What if you don’t get the part? The job? The boy? The girl? The opportunity you have been yearning for?
When I was a young actor, this was part of the deal.
I went to a lot of auditions.
You would be up for a role, and you got there, and, in some instances, it was a bit of a meat market.
It would depend on the job, if it was a commercial casting there would be hundreds of us.
Sometimes lined up in a row.
Being stared at.
Often you were filmed.
Someone might shout out – about you, but not to you – something like: “Can I just say that Number 2 looks very much like the younger of Olga that we cast yesterday.”
I am not even going to attempt to explain that further!
It could be very surreal.
It would have helped if my older self, the later trained and experienced coaching model could have been advising me: “Just focus and concentrate on the process and not the outcome.”

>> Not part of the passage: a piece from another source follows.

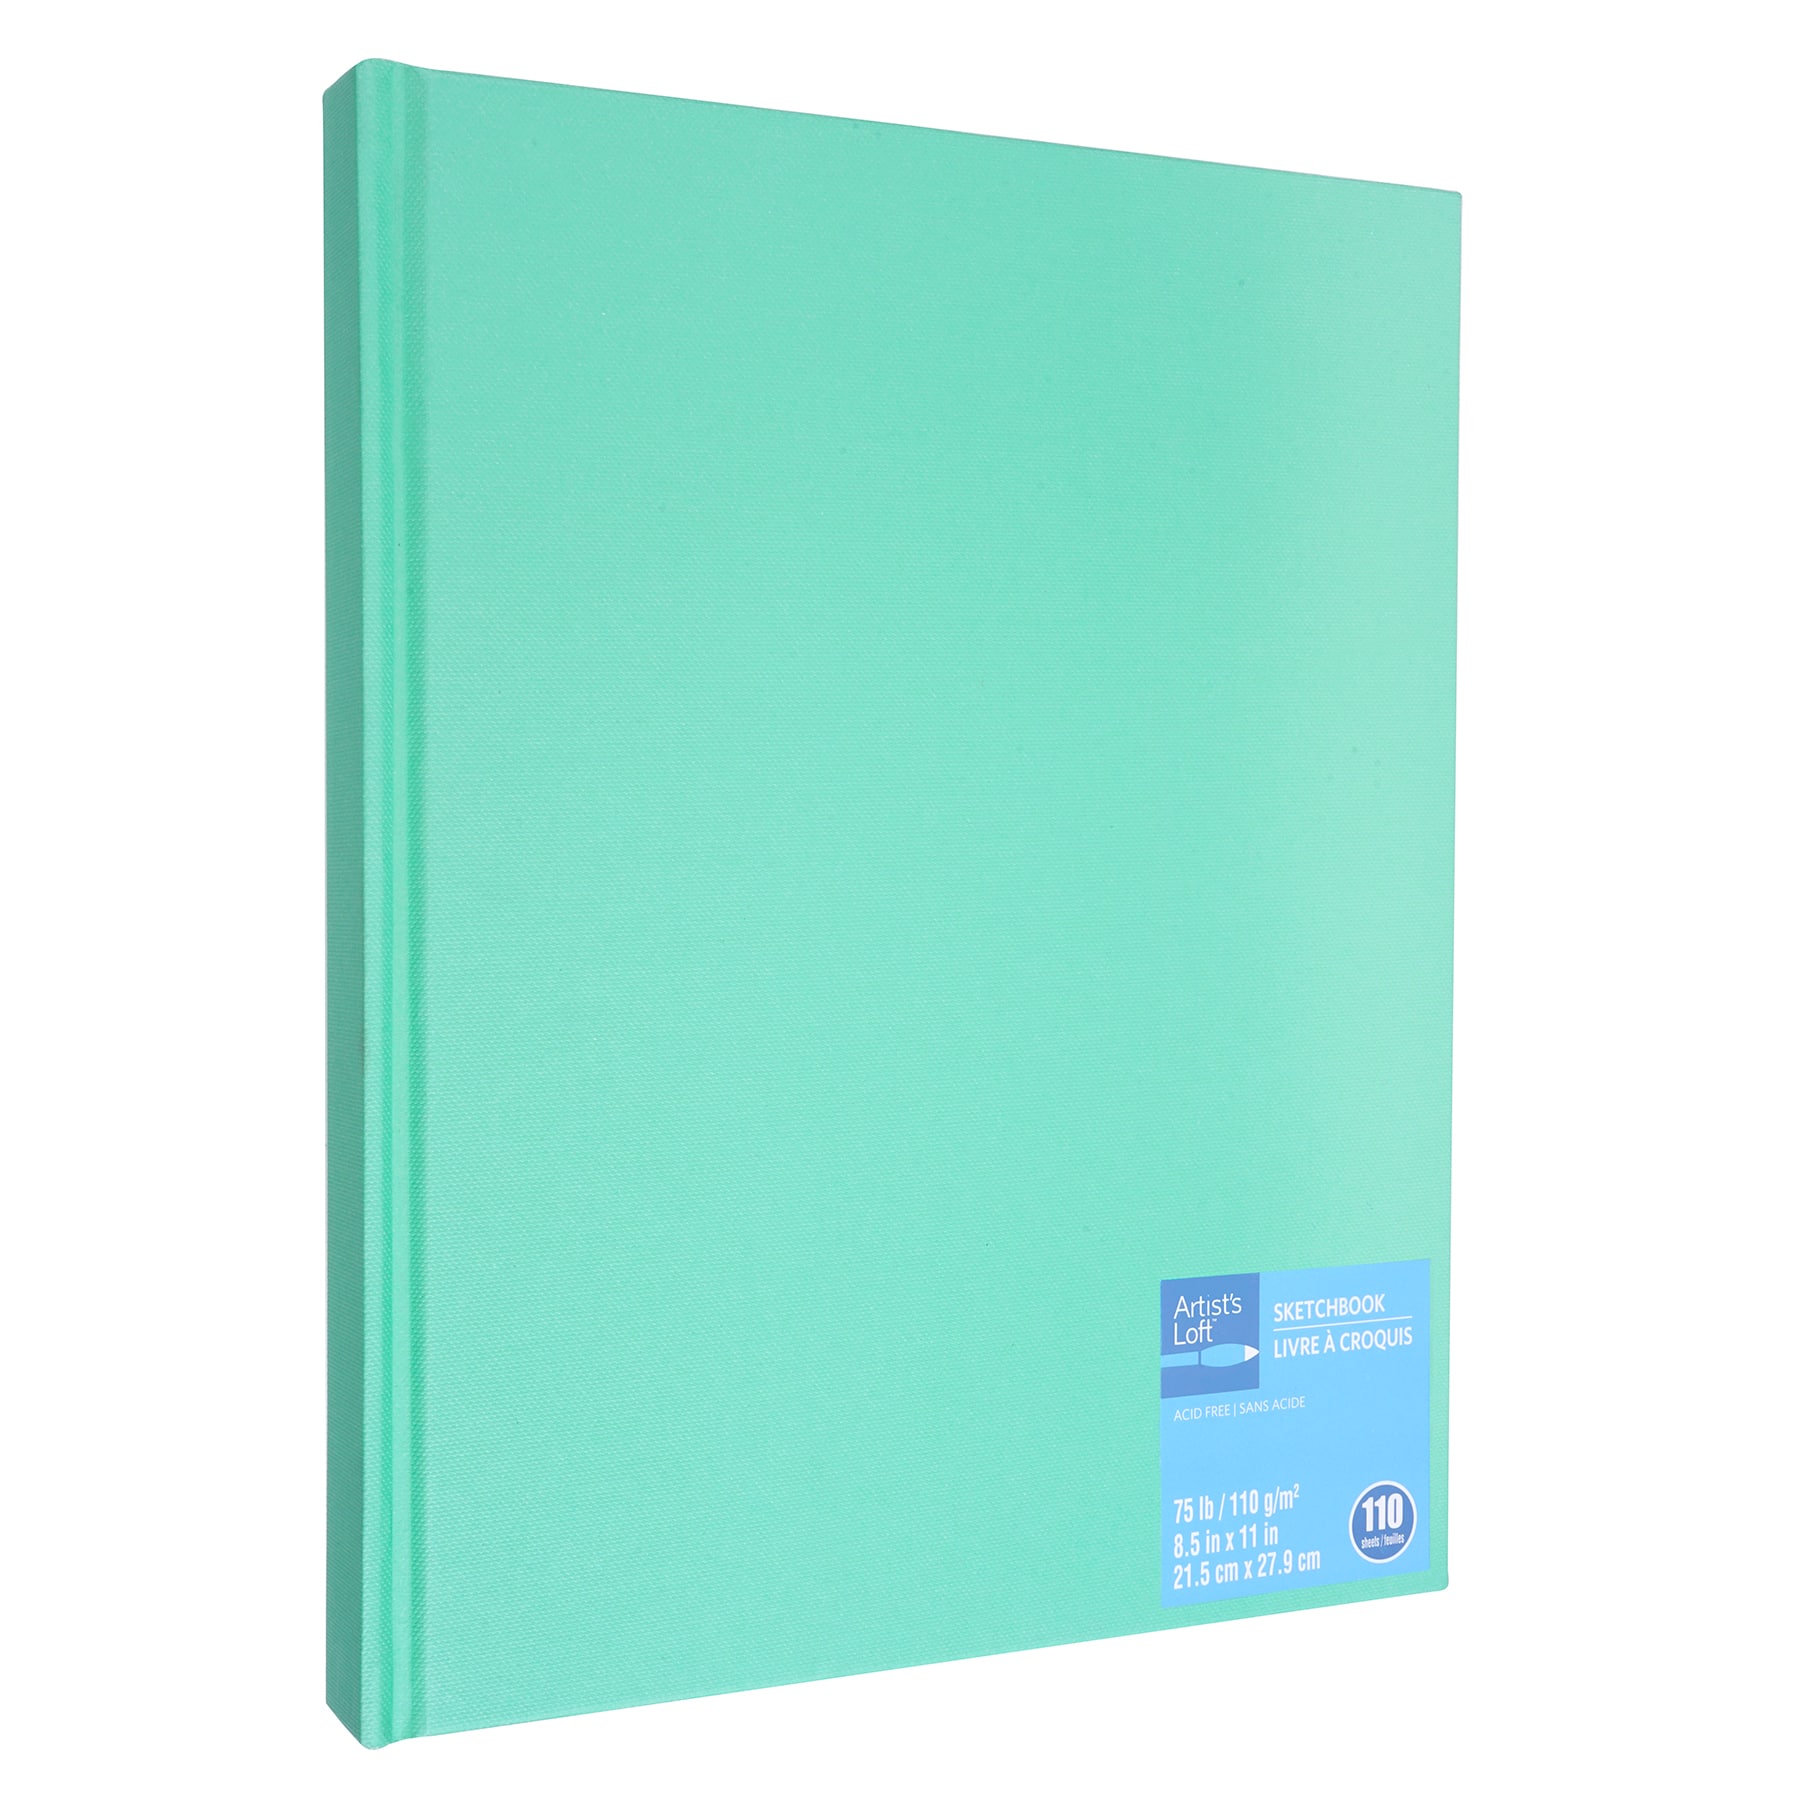 Best deal ⌛ 12 Pack: Light Pink Hardcover Sketchbook by Artist's Loft™,  5.5 x 8 by Artists Loft ⭐

Later in my career, the parts were larger, the stage was bigger and so were the stakes.
And it was still some you win, some you lose.
And so you need to dare to really want something and go for it and put your best into it; because it’s not about pretending you didn’t really want it anyway.
You gotta go for it. You have to put your best self in there.
No hiding behind a figurative screen.
You put you out there.
You put you out there rather well in fact, and do your best and…
You still don’t get the job!
And that is rejection, and that needs to be weathered and dealt with, because there are always more people who won’t get the job than who will get the job!
As sure as night follows day, there will be rejection in your life.
A client of mine who has been changing how he comes across in interviews so that people could see and feel the real, living breathing, inspirational him, no hiding, still didn’t get the senior management role he was up for.
He did well (great feedback), he felt good, and he didn’t get the position.
A coach isn’t just for Christmas, but for the rest of the year too!
My advice is always a version of the old showbiz adage of:
“You’ve gotta pick yourself up, dust yourself down, and start all over again”
Accept (the disappointment). Allow yourself to feel it and then step out of the feeling metaphorically. Is it helpful to stay there feeling rejected? No.
Is it possible to allow yourself to feel sad and disappointed and then move out of that emotional state? Absolutely.
Contact me if you need some help with achieving that.
Evaluate (the performance and what went on). If there is anything you feel you could improve on then take note and decide on changes for next time.
Know that there are many reasons why you didn’t get the opportunity, many of them potentially nothing to do with you, and you will never know about.
Back to the present, and looking out for the next chance.
My client will be back in the ring soon no doubt, when the right opportunity comes up. He’s a trooper.
And for you out there reading this, I encourage you to keep on dreaming: Positive thinking and self-belief gives you the edge that you need to turn smart, hard work and talent into success.
Even whene nothing gives you a guarantee. That would be delusional thinking, a pretty dangerous state.
You do have to, however, dare to dream. Envision what you want, so that you taste the reality in order to have the chance.
Dare also to taste the vinegar-wine taste of disappointment, and then return to the finer stuff.
And you will be resilient to take the knocks without permanent bruising.
And when it is your turn to win, it will be all the sweeter.